▶ **PROBLEM DETAILS**
Everything from the line that contains "Aumentan los dolores" through the last line below should be transcribed exactly, except the pictures.

▶ **COLLECTED MATERIAL**

══════════

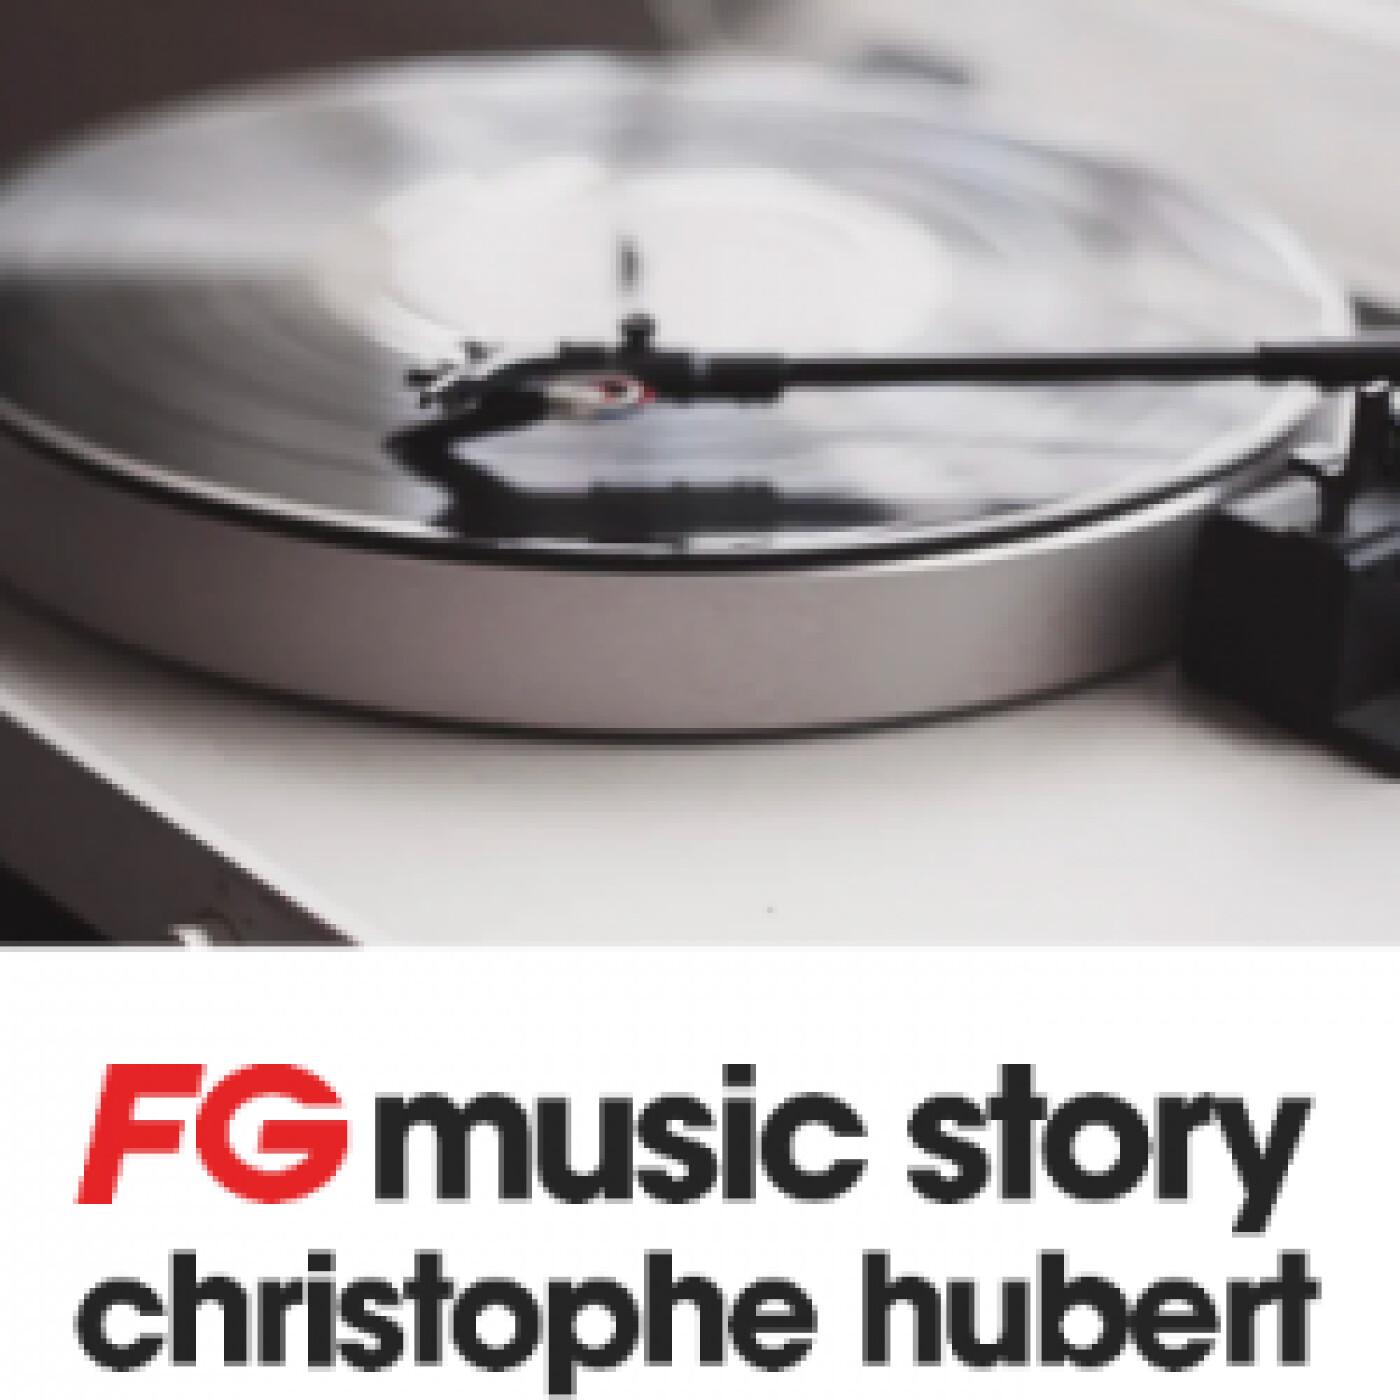 FG MUSIC STORY : INNER CITY
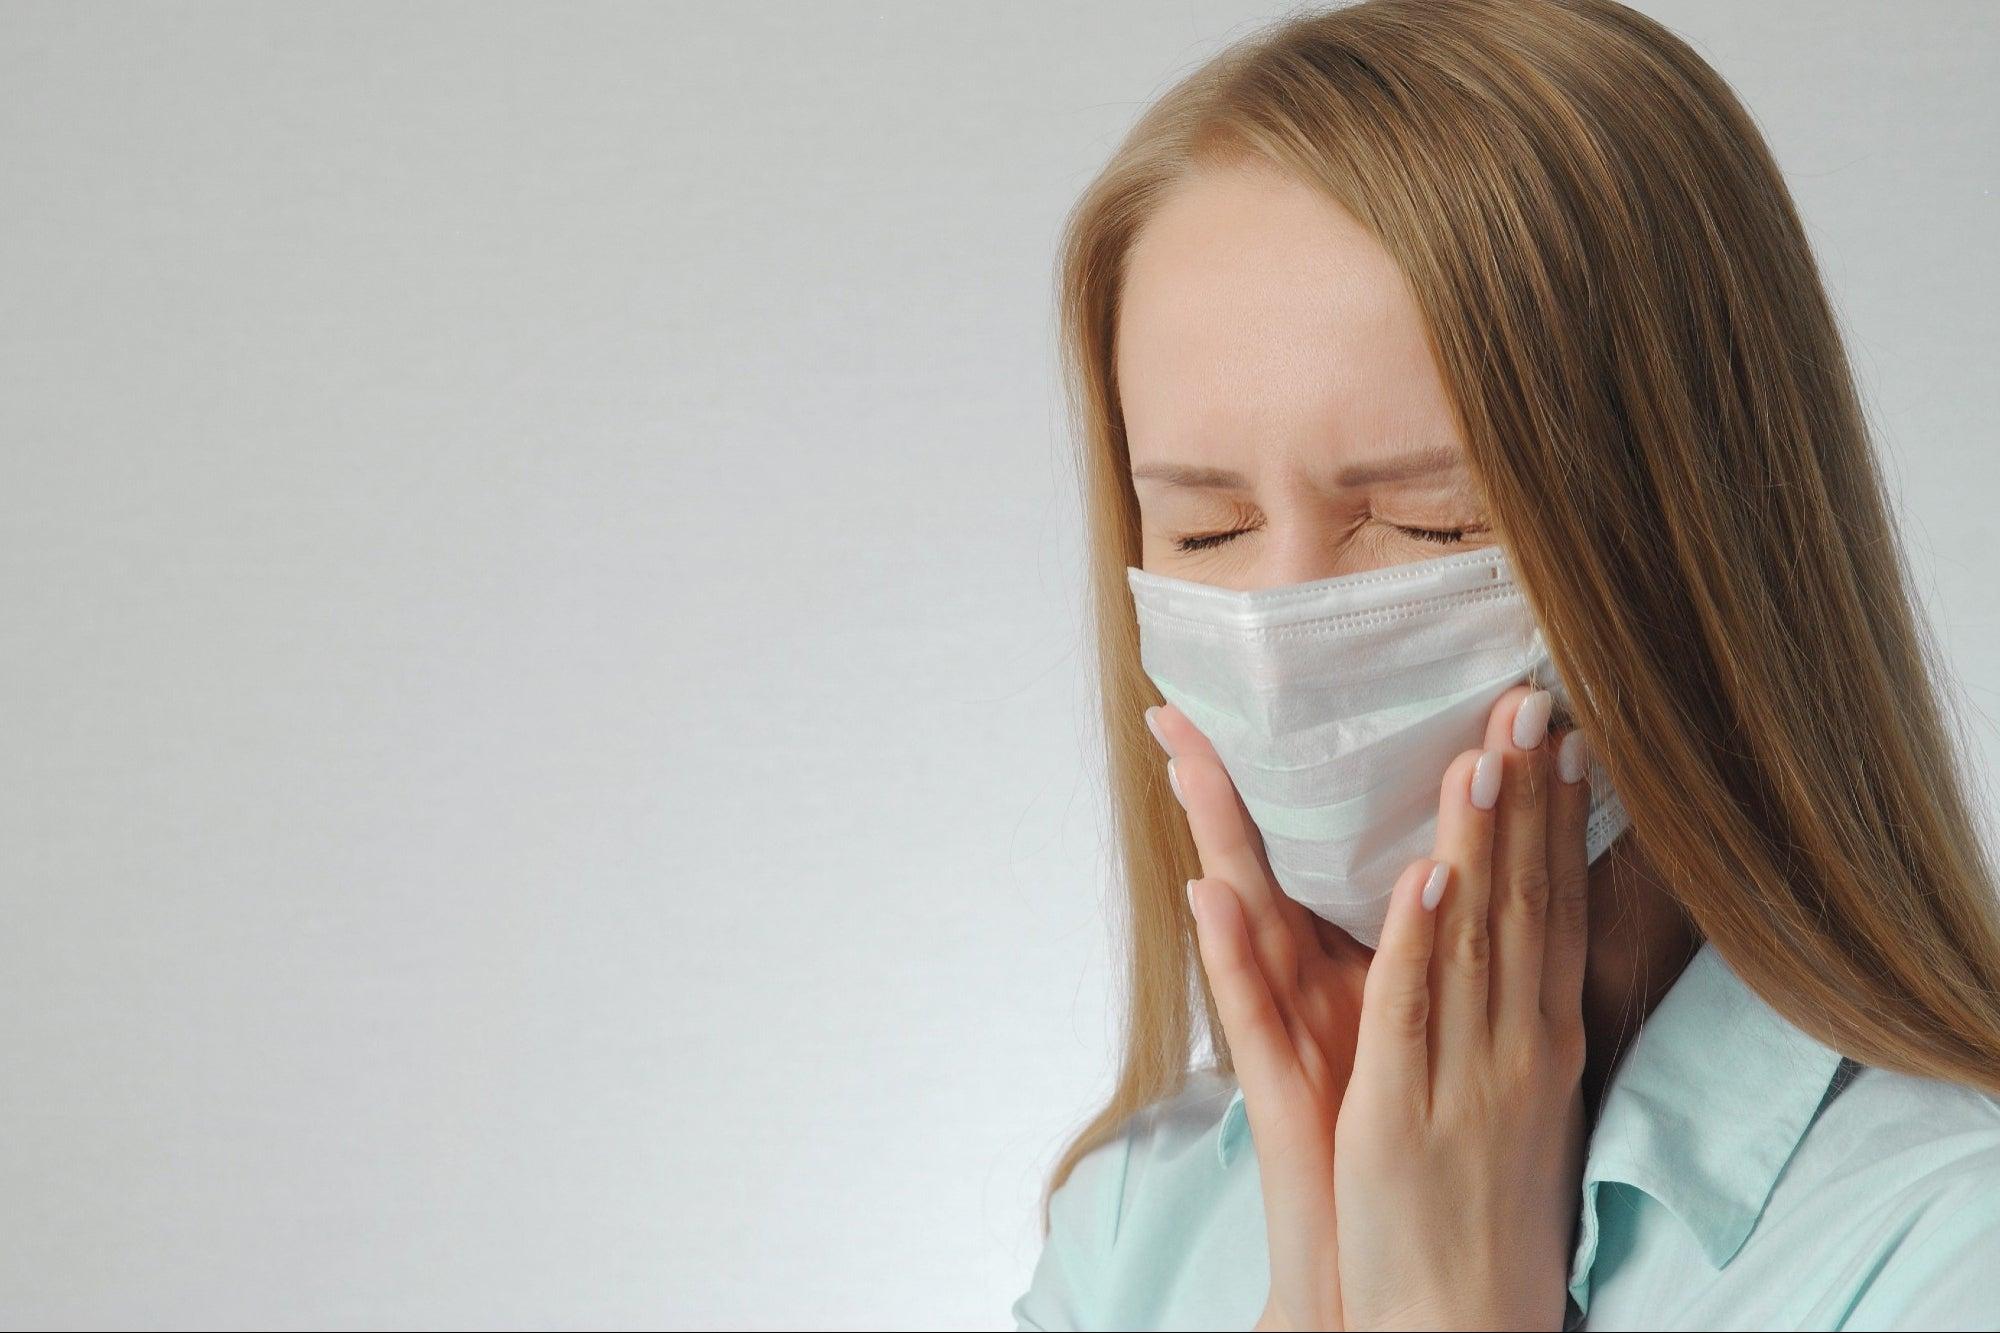 Aumentan los dolores de mandíbula: ¿Son por culpa del cubrebocas?
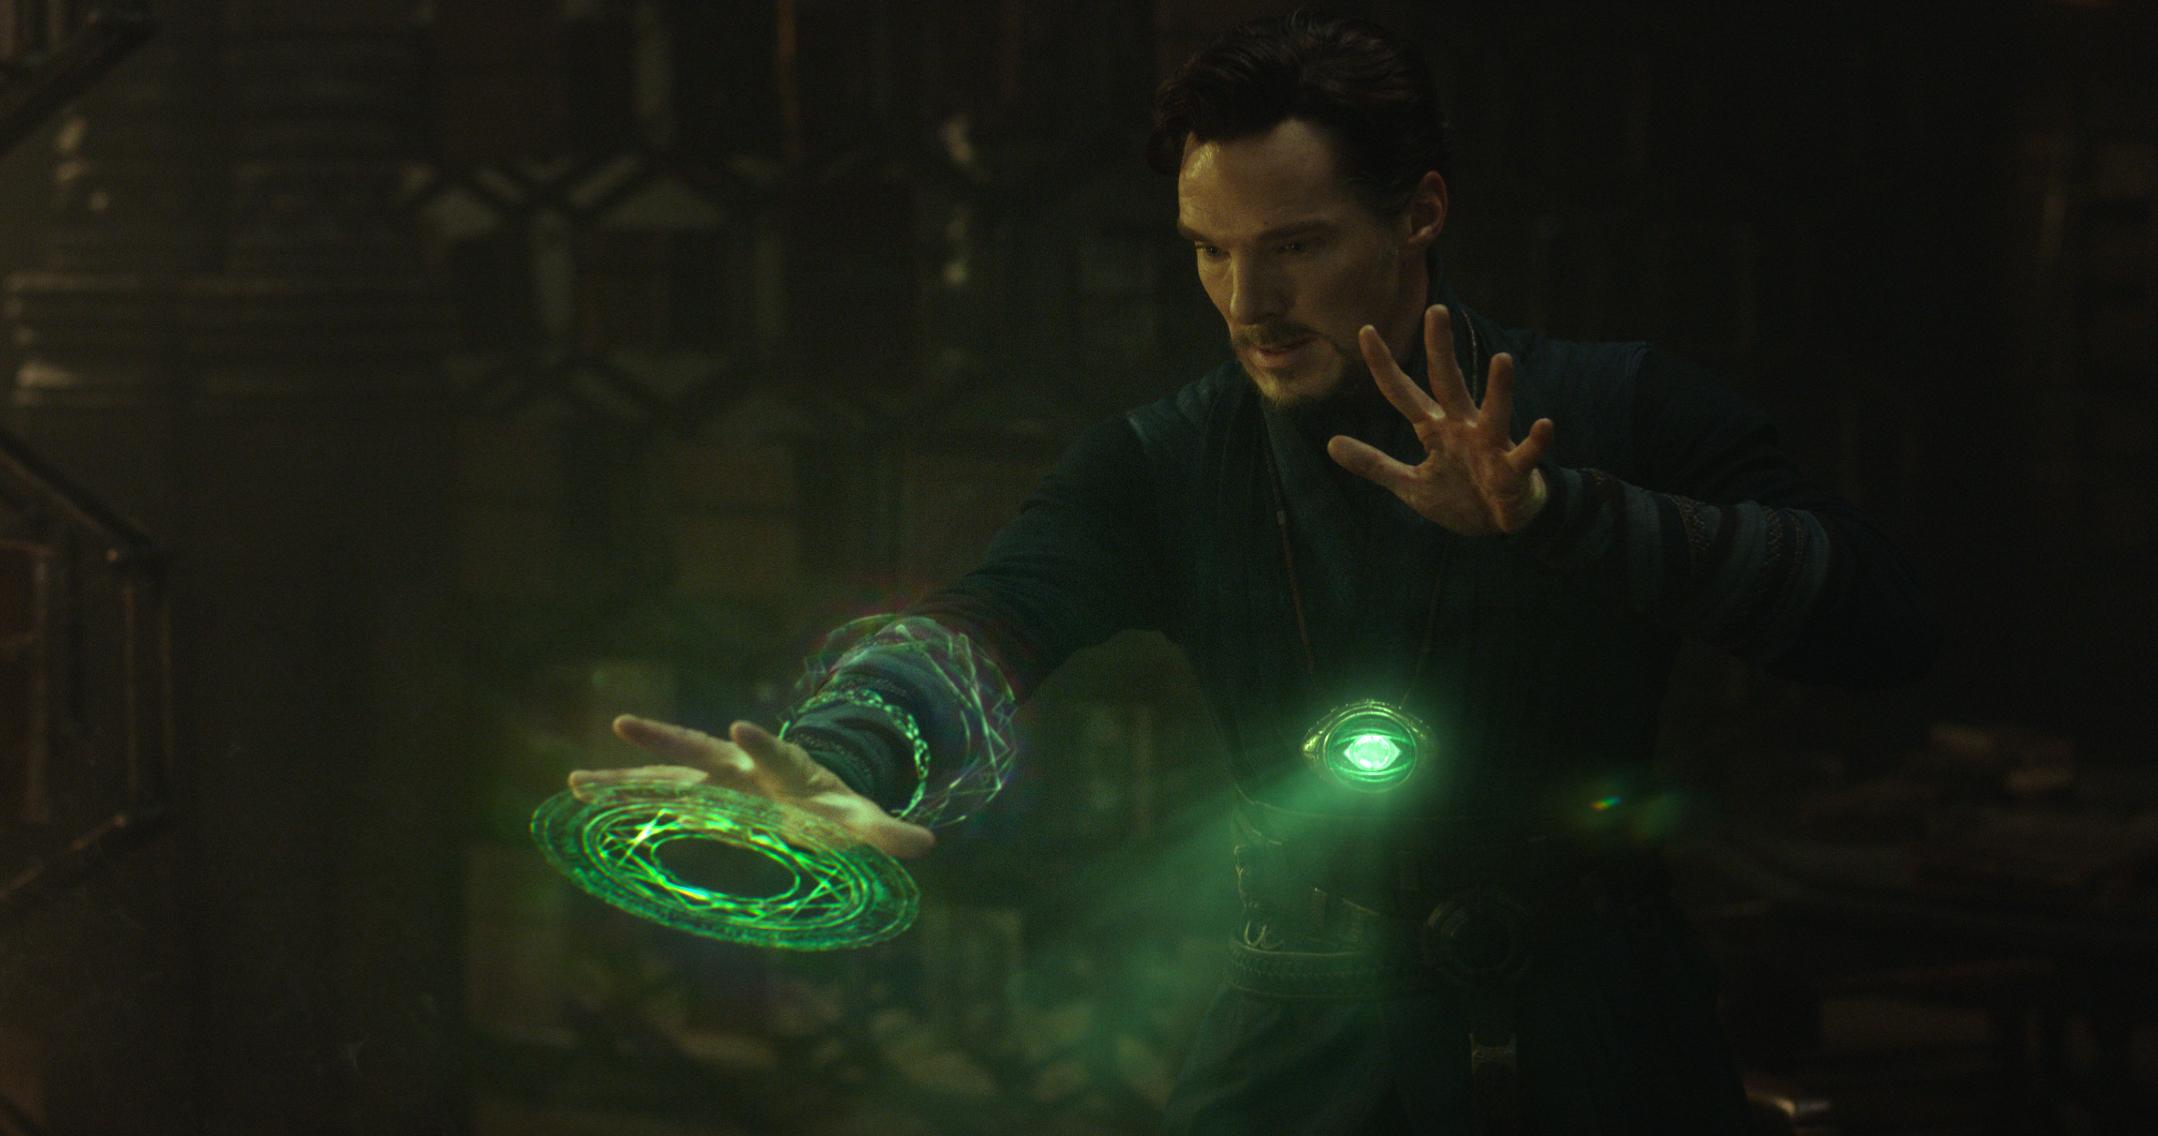 Keressünk az állunk a Doktor Strange új szinkronos előzetesétől
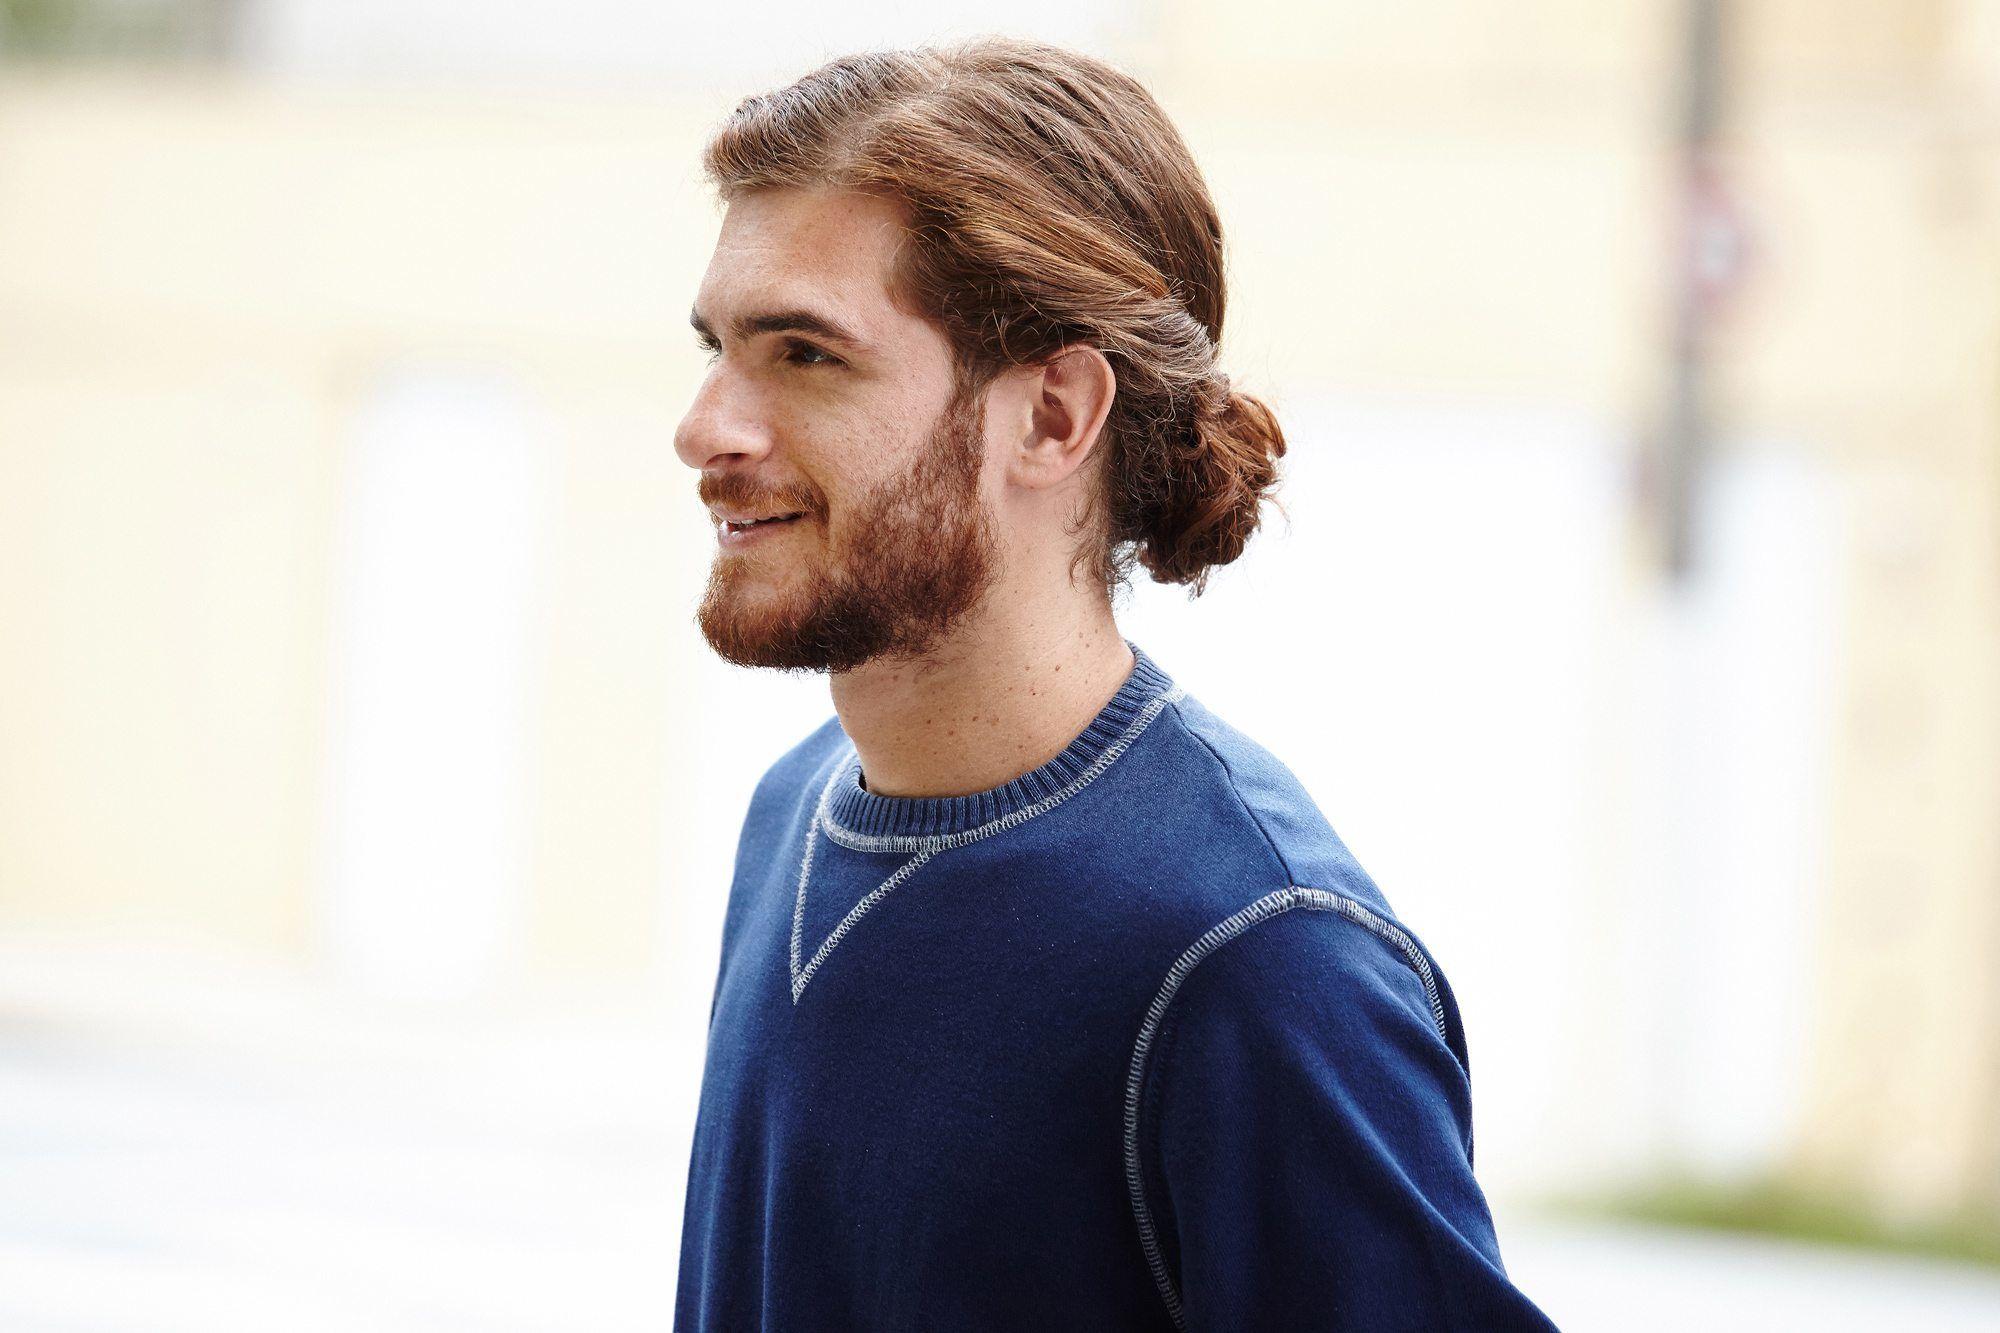 Long Haired Men Tumblr Best Long Hair 2018

══════════

▶ **WRITTEN RESPONSE**
 Aumentan los dolores de mandíbula: ¿Son por culpa del cubrebocas?
 Keressünk az állunk a Doktor Strange új szinkronos előzetesétől
 Long Haired Men Tumblr Best Long Hair 2018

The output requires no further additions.